● **What you have to do**
The pictures must be left out, while the rest of the data is copied exactly.

Collected data section start

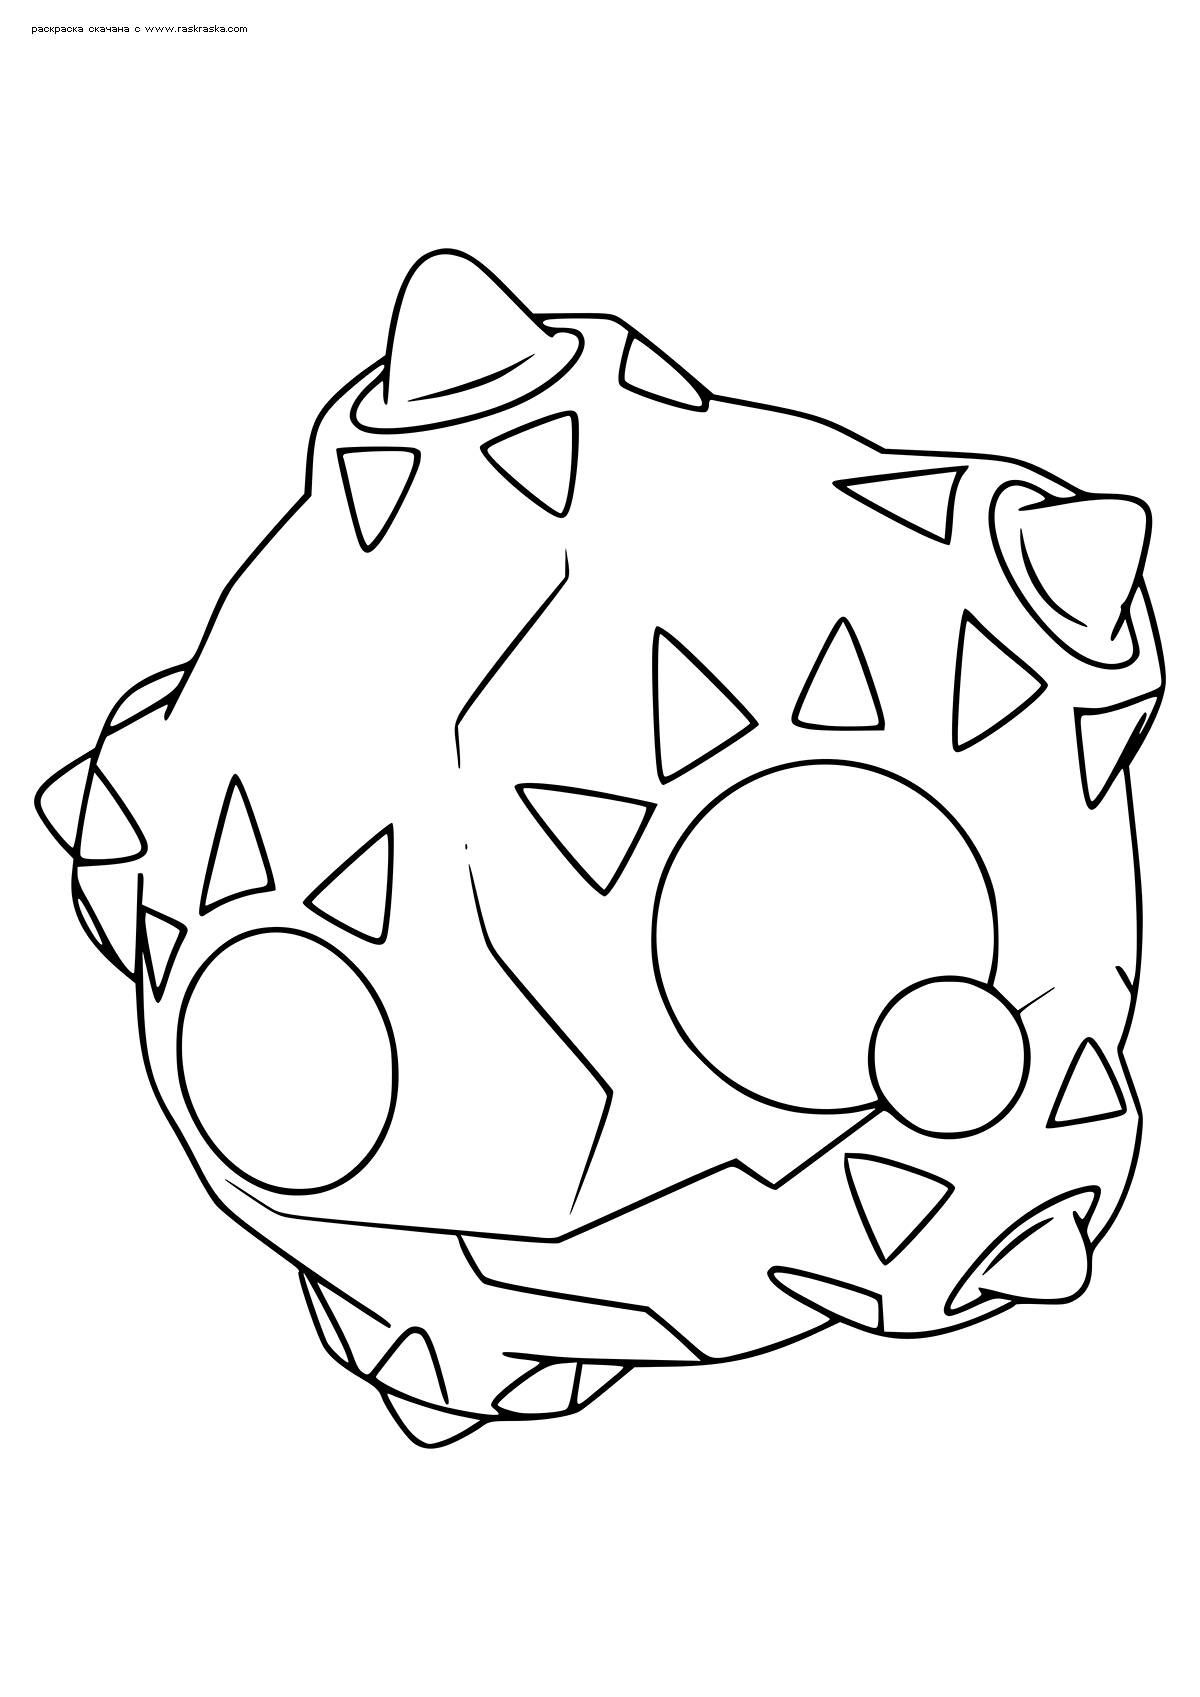 Раскраска Покемон Миниор (Minior) | Раскраски покемонов ...
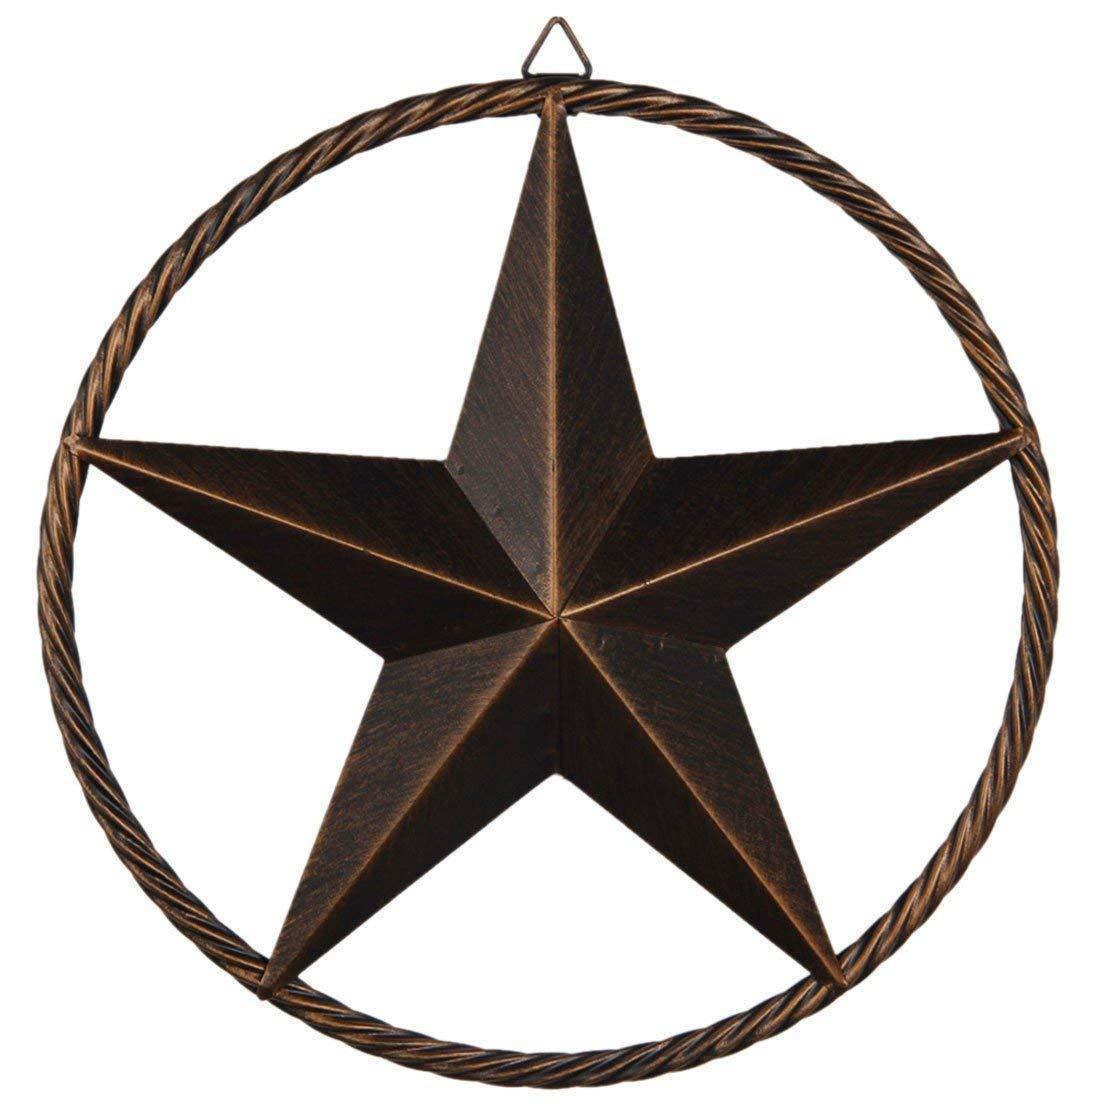 EBEI Texas Barn Star Circle Rustic Style Metal Decorative 12'' Vintage Metal Texas Lone Star Dark Brown Western Home Decor
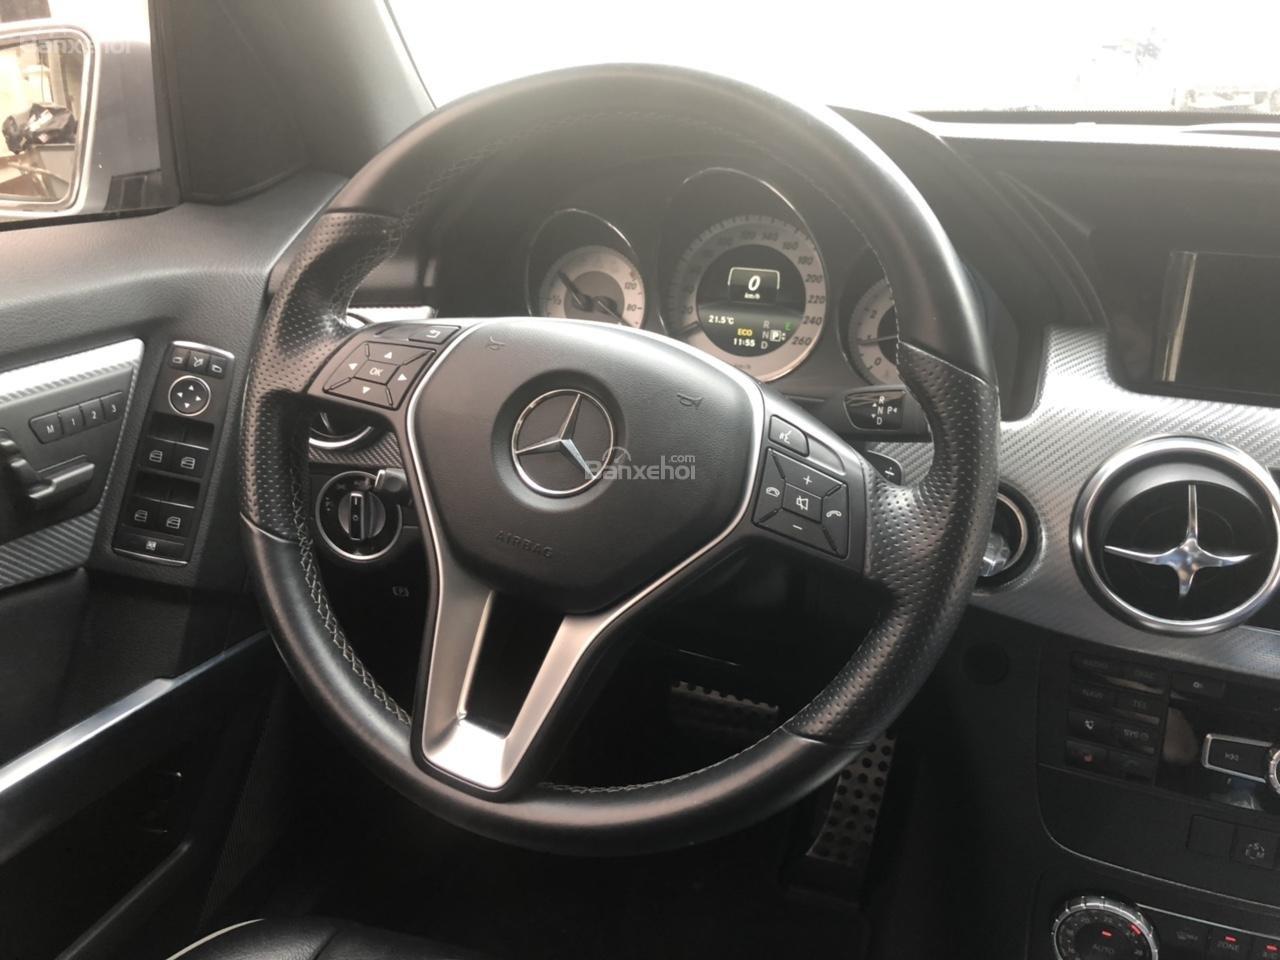 Cần bán xe Mercedes GLK Class năm sản xuất 2013-3

Collected data section end

● **Expected answer**
 Раскраска Покемон Миниор (Minior) | Раскраски покемонов ...
 EBEI Texas Barn Star Circle Rustic Style Metal Decorative 12'' Vintage Metal Texas Lone Star Dark Brown Western Home Decor
 Cần bán xe Mercedes GLK Class năm sản xuất 2013-3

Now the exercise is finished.